Zegar tyka każdemu ,
Ucieka czas, ucieka szczęście…
Z każdym dniem coraz mniej go – nie więcej .
Życie tak szybko nam przemija …
Wraz z nim i szczęścia ubywa…
I choć, marzenia powoli się spełniają,
To cóż z tego?
Skoro i tak pełni szczęścia nie dają!
Nurtujące umysł pytania zmuszają do myślenia !
Czy urodzić się by umrzeć?
To cel naszego istenia ?
Czasem , wystarczy jedna mała chwila …
Jesteś…
I już Cię nie ma !
Ty!
Też dasz radę odpowiedzieć Sobie na to ?
Jak myślisz…
Dlaczego młodzi ludzie cierpiąc umierają?
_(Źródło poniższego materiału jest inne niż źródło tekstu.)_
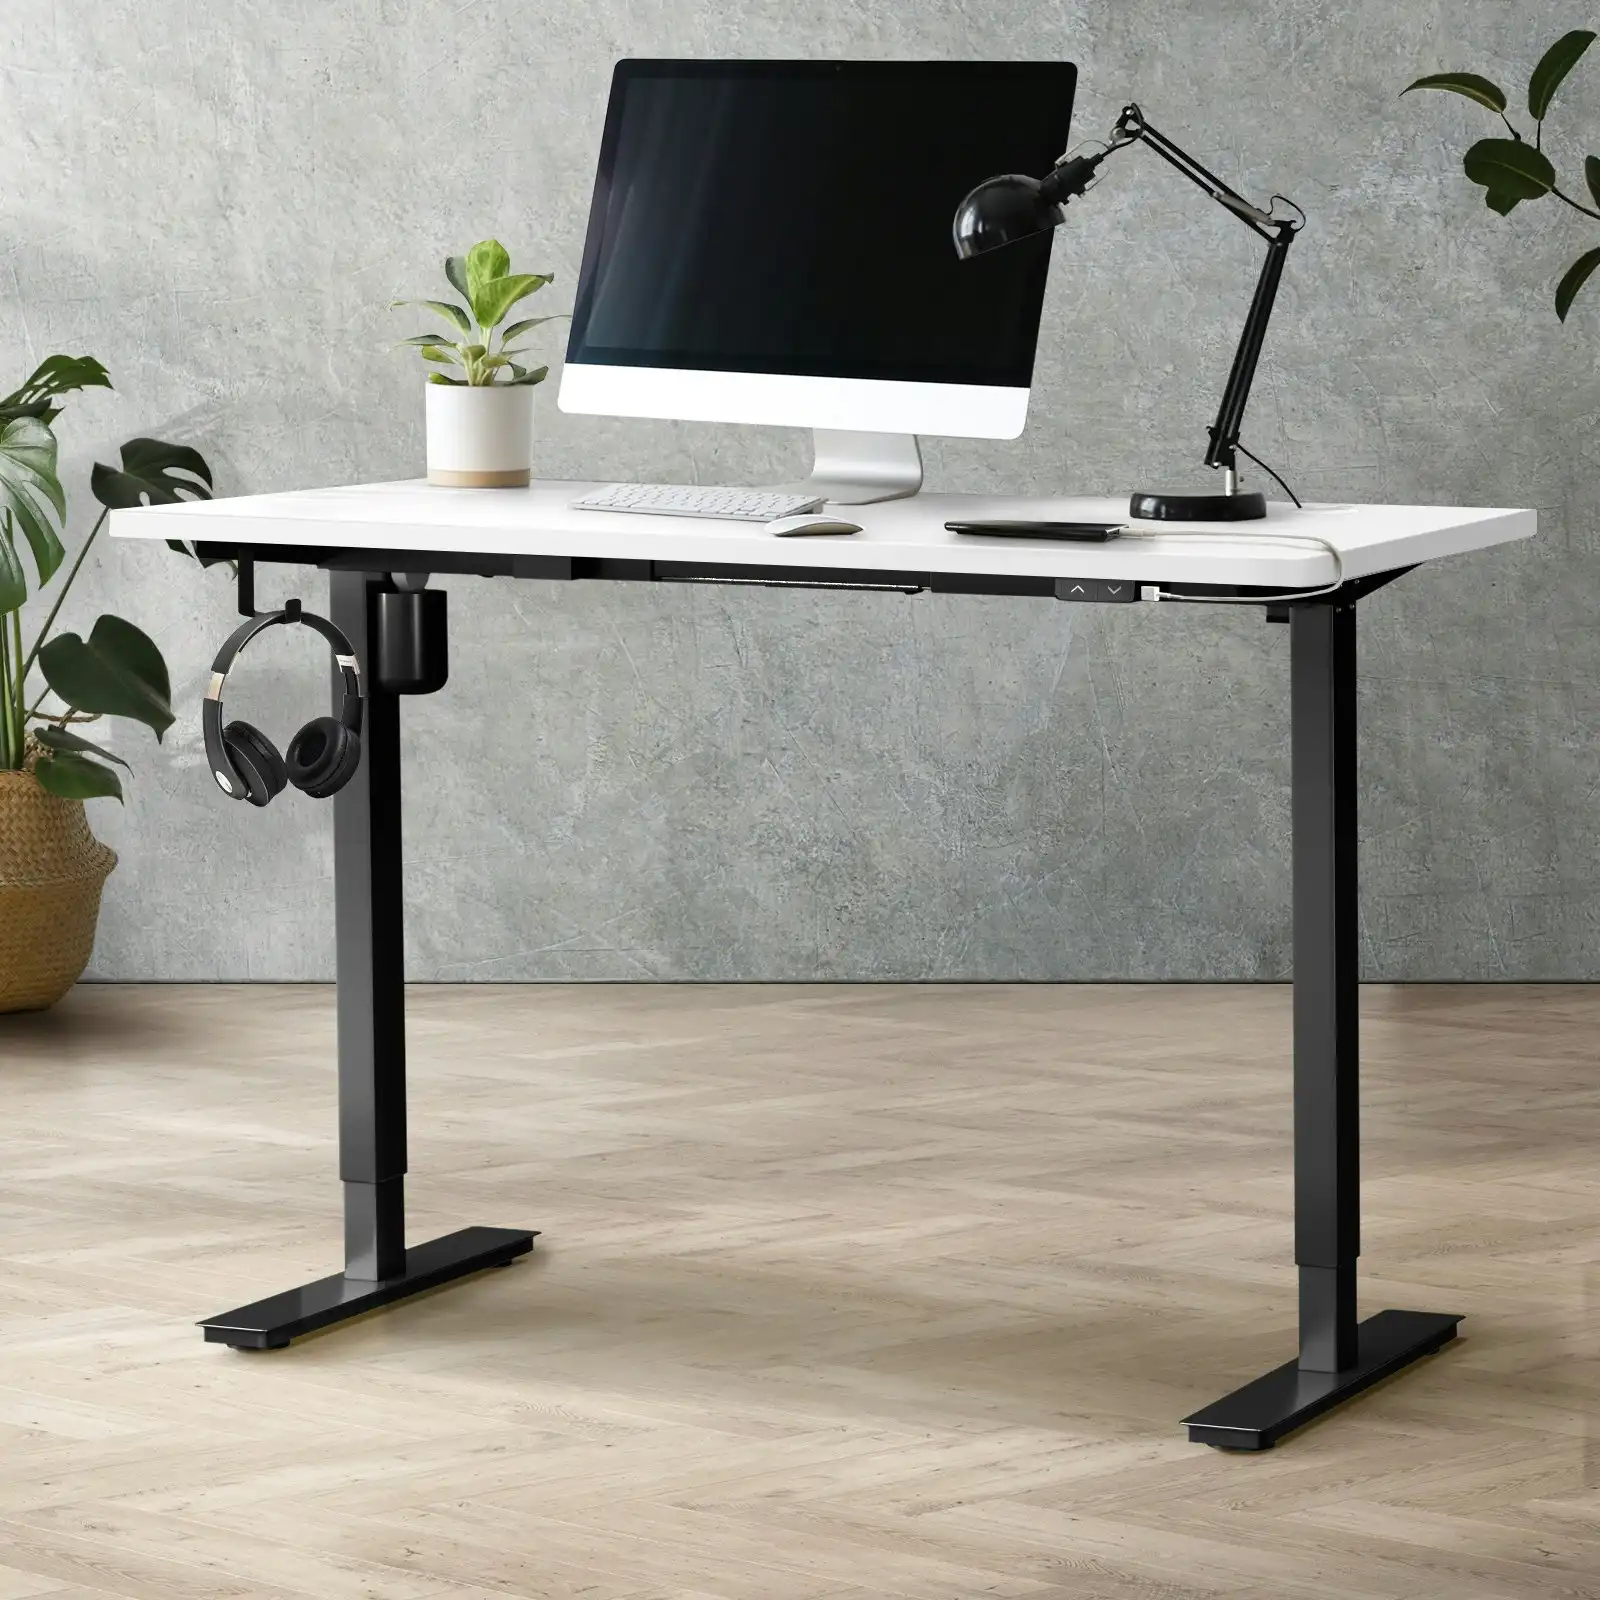 Oikiture 140cm Electric Standing Desk Single Motor Black Frame White Desktop

A inni z łatwością życia się bezgranicznie pozbywają ?
Niesprawiedliwe…
Przekorne …
Przeciwne…
Po co więc nadzieje?
Po co te marzenia ?
Po co zakładać życiowe cele ?
Może…
Nie dla spełnienia ?
Najlepsze lekarstwo –to żyć dniem dzisiejszym!
Kochać , śmiać się , cieszyć każdą szczęśliwą chwilą!
Nie patrzeć w przeszłość !
Nie liczyć dni , ani upływających lat !
Może właśnie wtedy …weselszy wyda nam się świat.
Pozostawić Tylko miłe wspomnienia w pamięci .
Być może uda nam się ten zegar troszkę przykręcić.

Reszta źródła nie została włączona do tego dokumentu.